Data:

--------------------

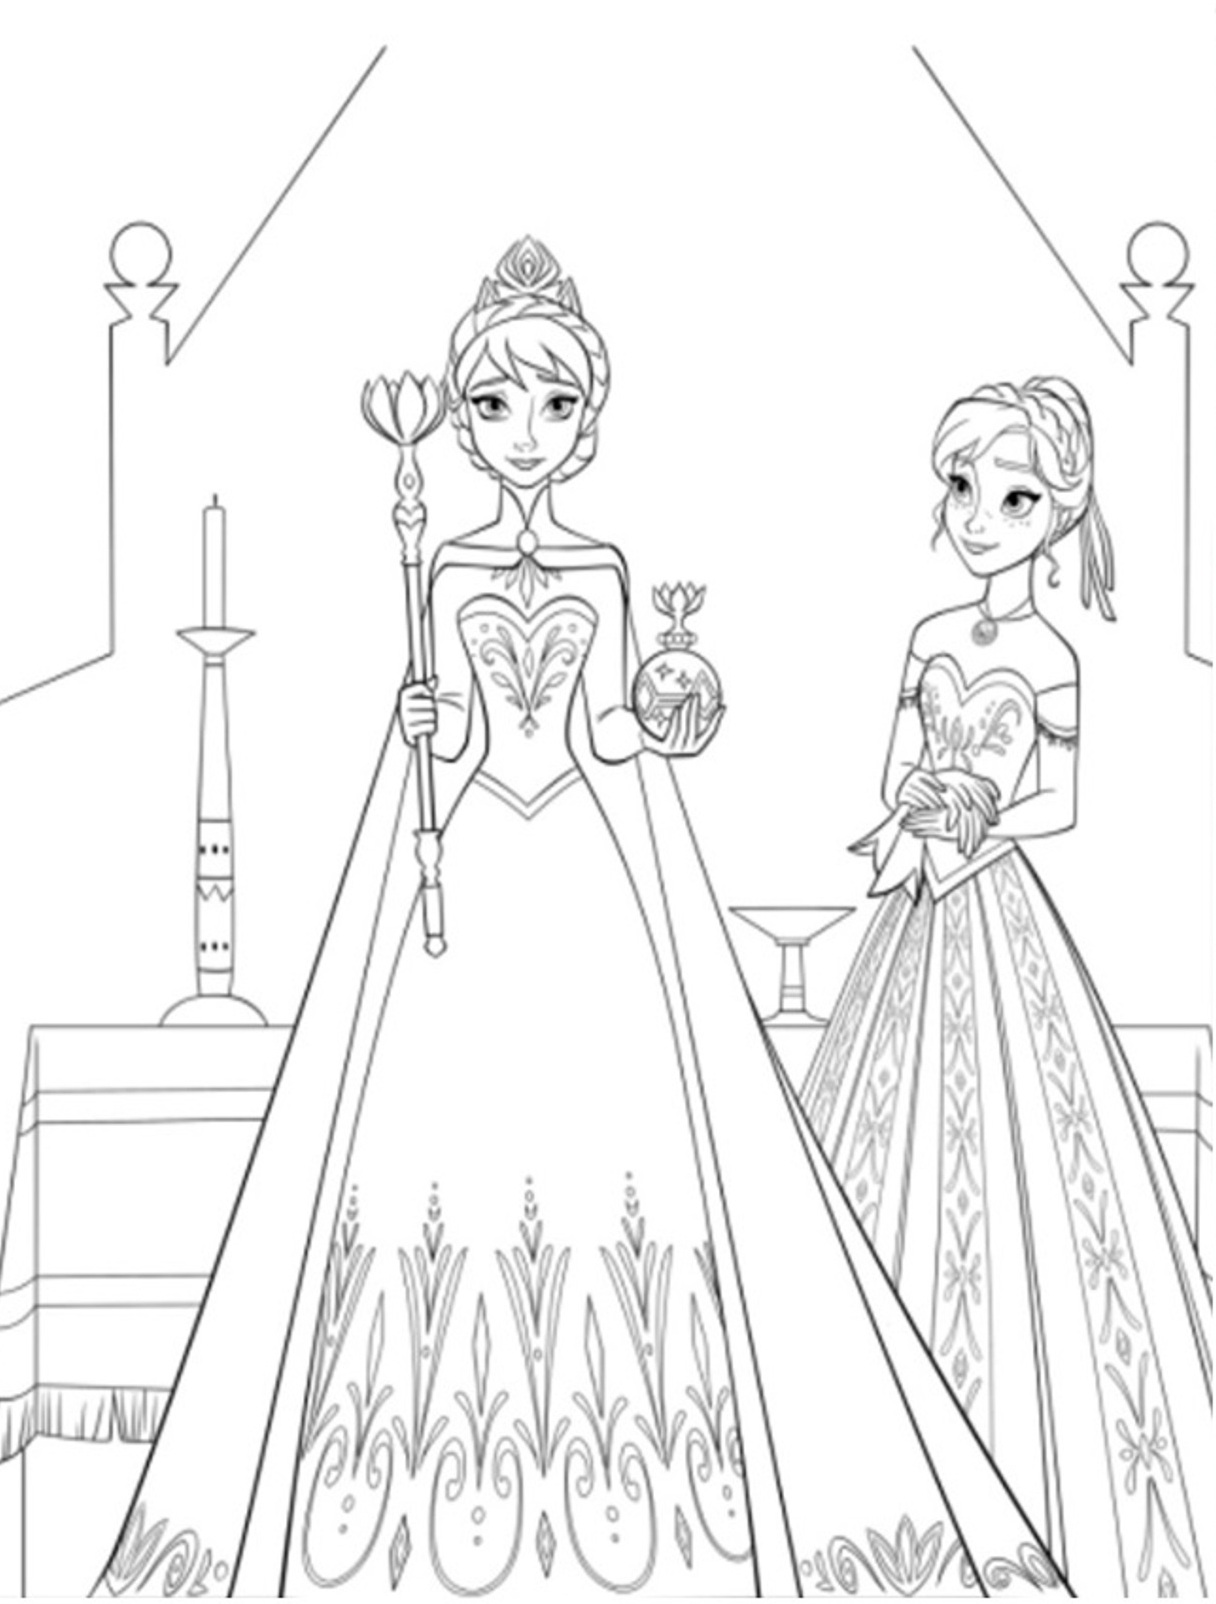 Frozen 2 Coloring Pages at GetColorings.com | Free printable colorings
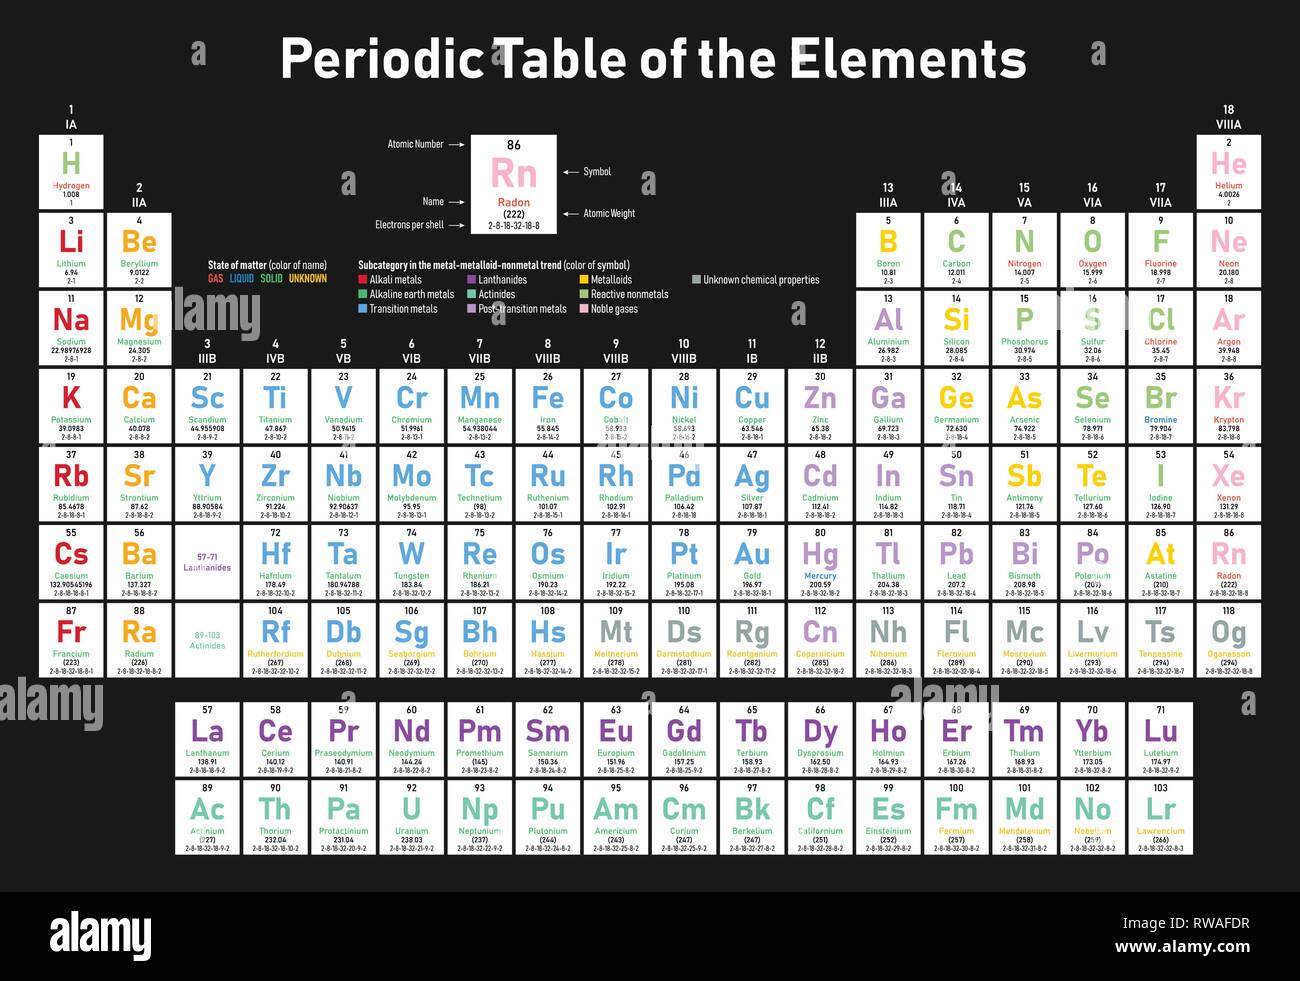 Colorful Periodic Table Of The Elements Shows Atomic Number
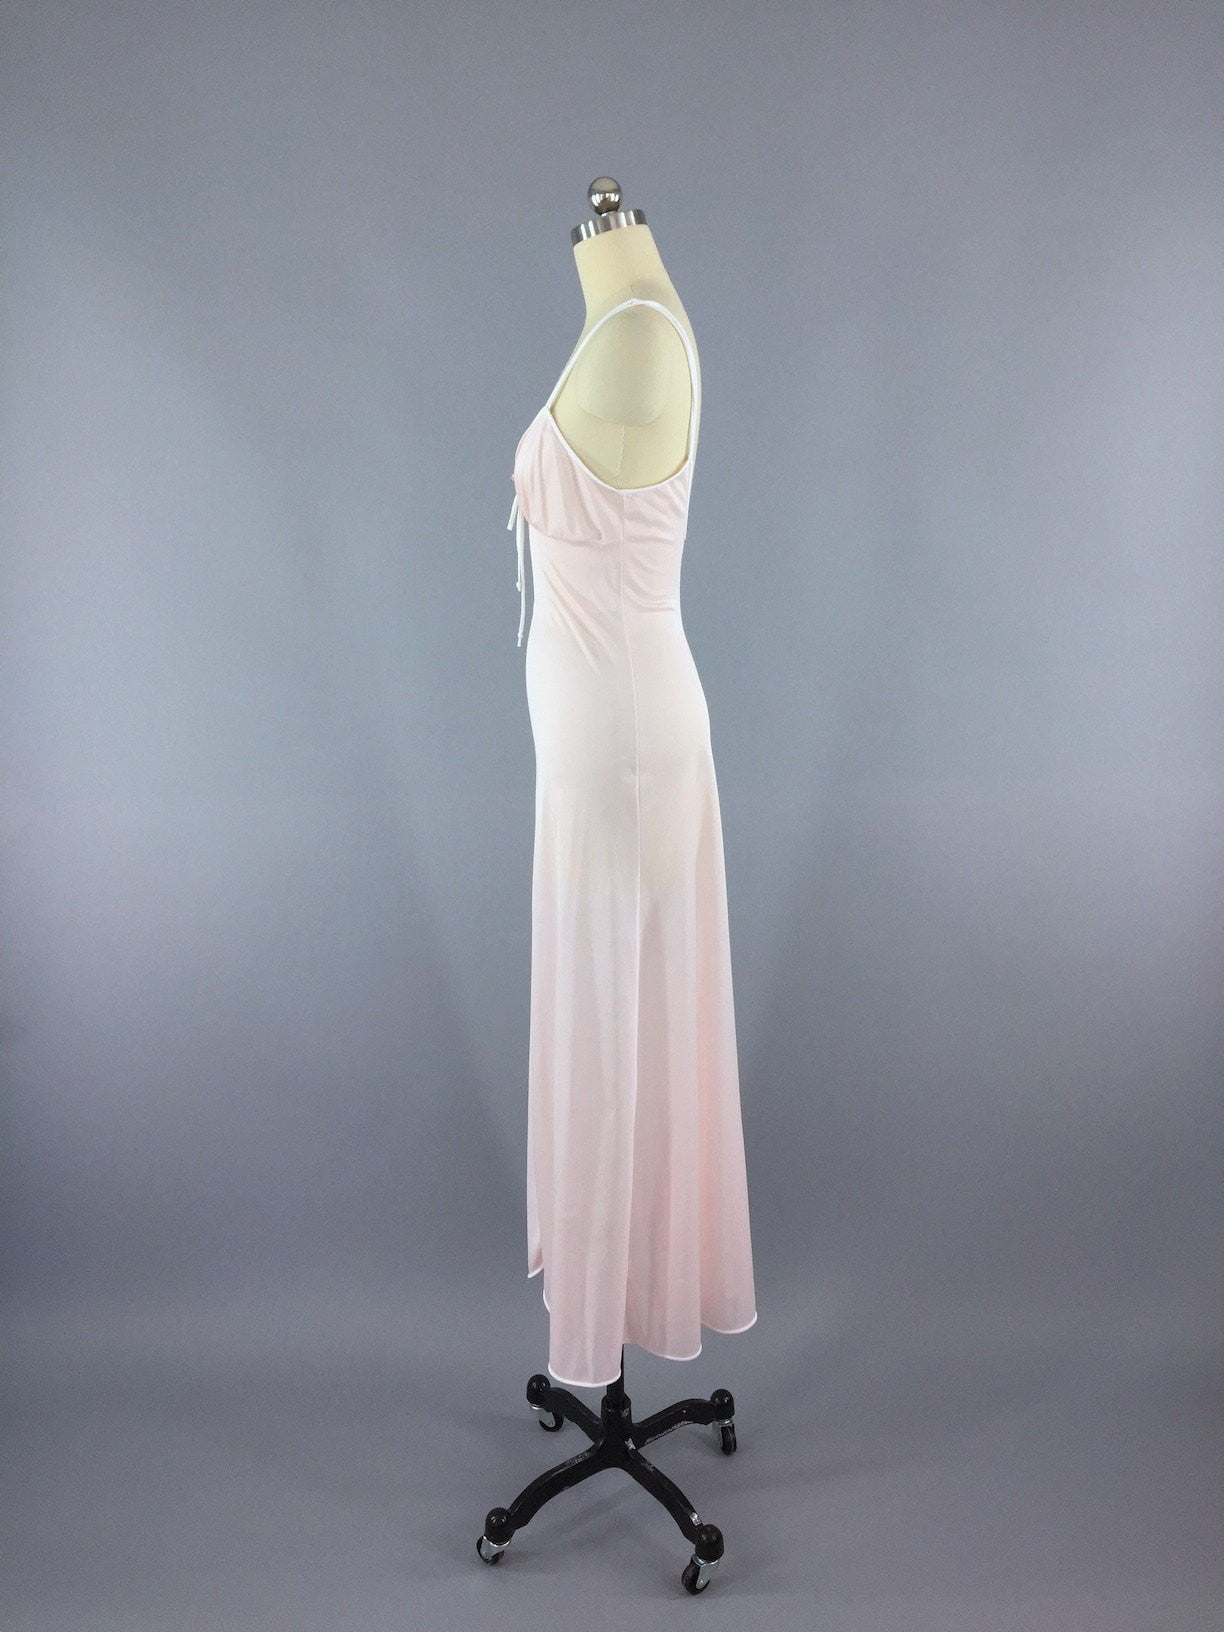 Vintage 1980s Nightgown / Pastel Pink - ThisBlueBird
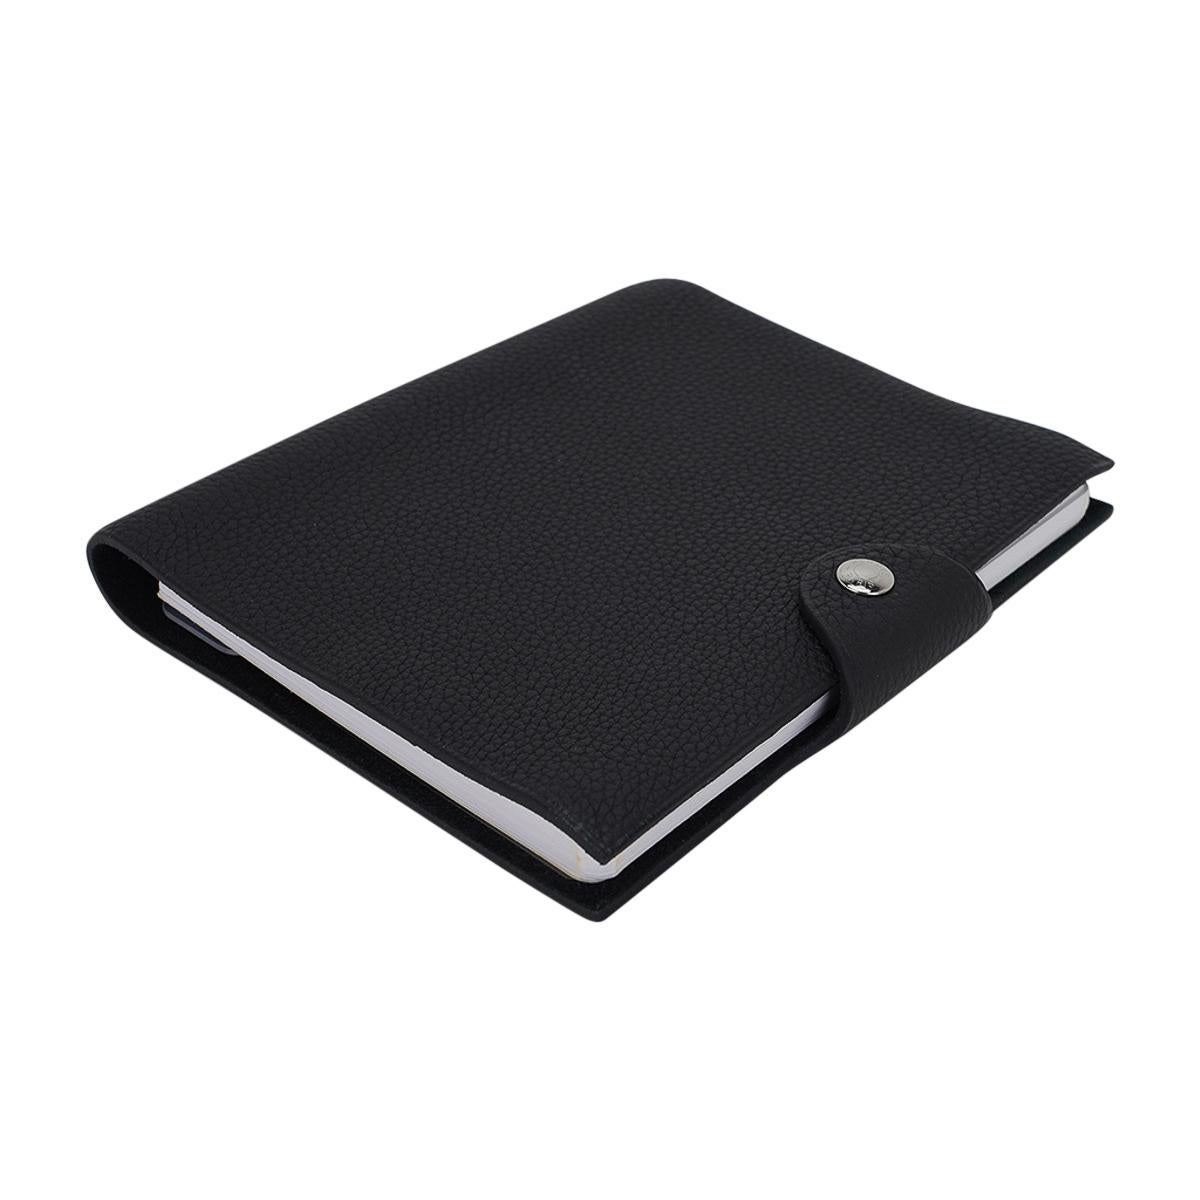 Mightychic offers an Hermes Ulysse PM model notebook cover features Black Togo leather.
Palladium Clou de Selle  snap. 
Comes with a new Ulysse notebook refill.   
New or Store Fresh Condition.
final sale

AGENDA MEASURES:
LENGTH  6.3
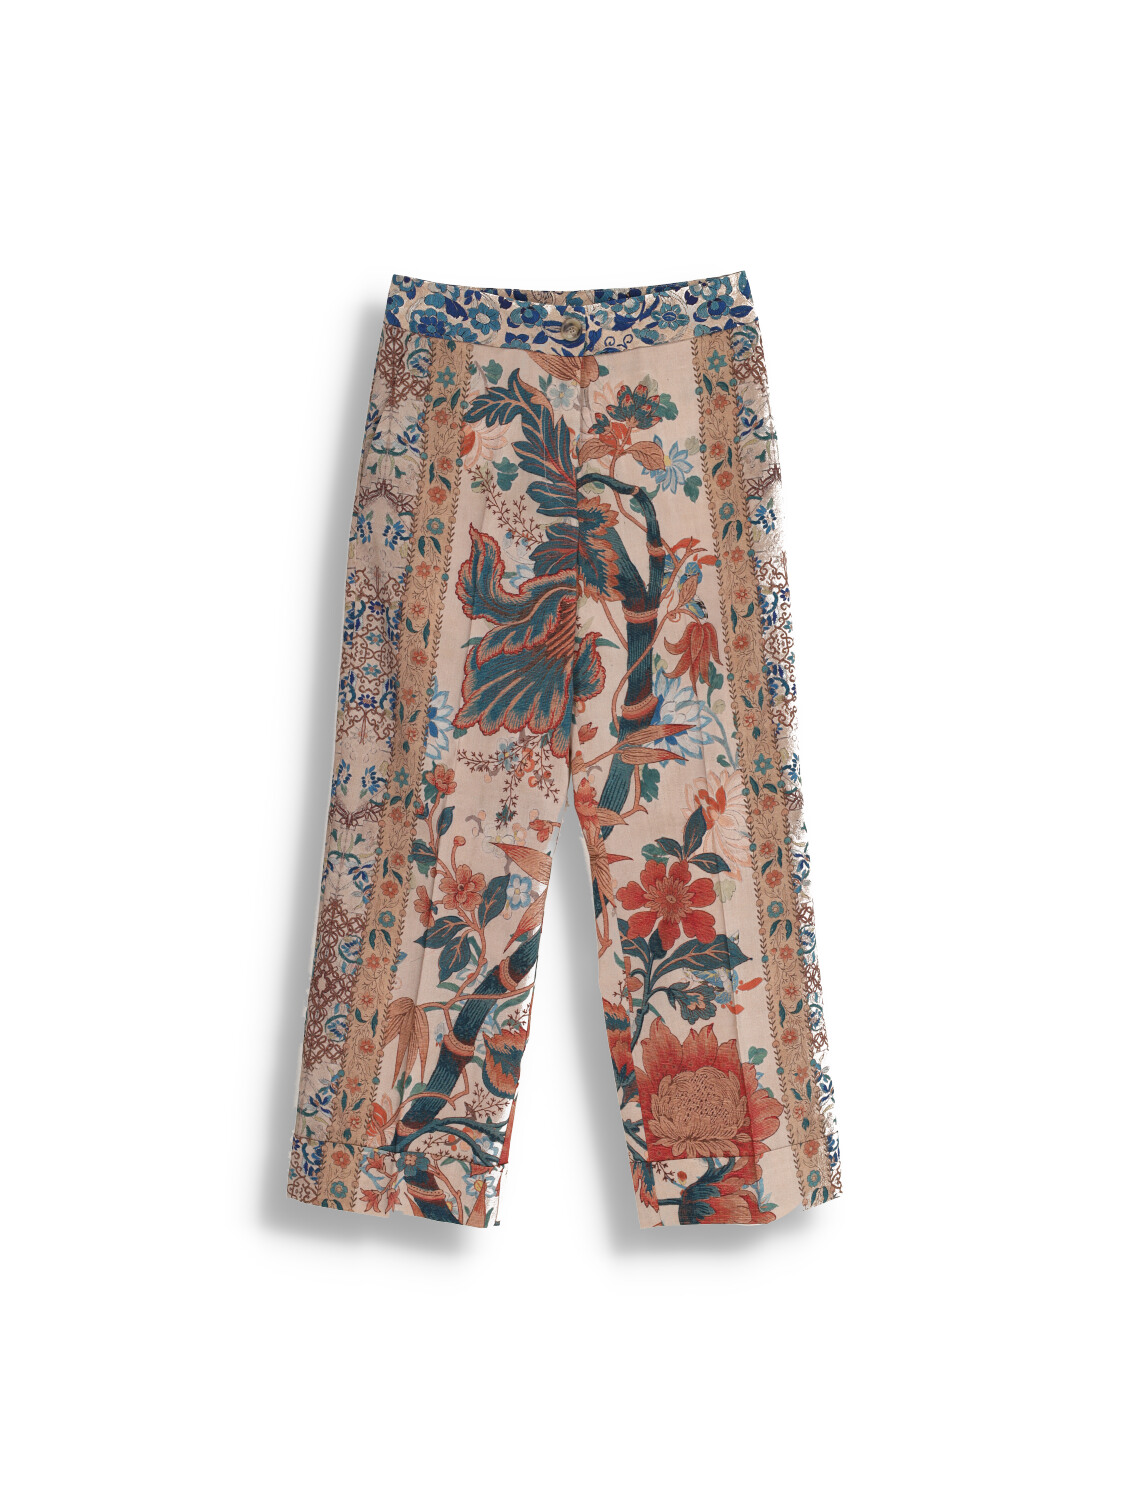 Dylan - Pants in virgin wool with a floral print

--------------------

Above are the records. Copy exactly, and only, the lines from the line containing "Palladium Clou de" through the last one, omitting any pictures.

Exercise answer:
Palladium Clou de Selle  snap. 
Comes with a new Ulysse notebook refill.   
New or Store Fresh Condition.
final sale

AGENDA MEASURES:
LENGTH  6.3
 Dylan - Pants in virgin wool with a floral print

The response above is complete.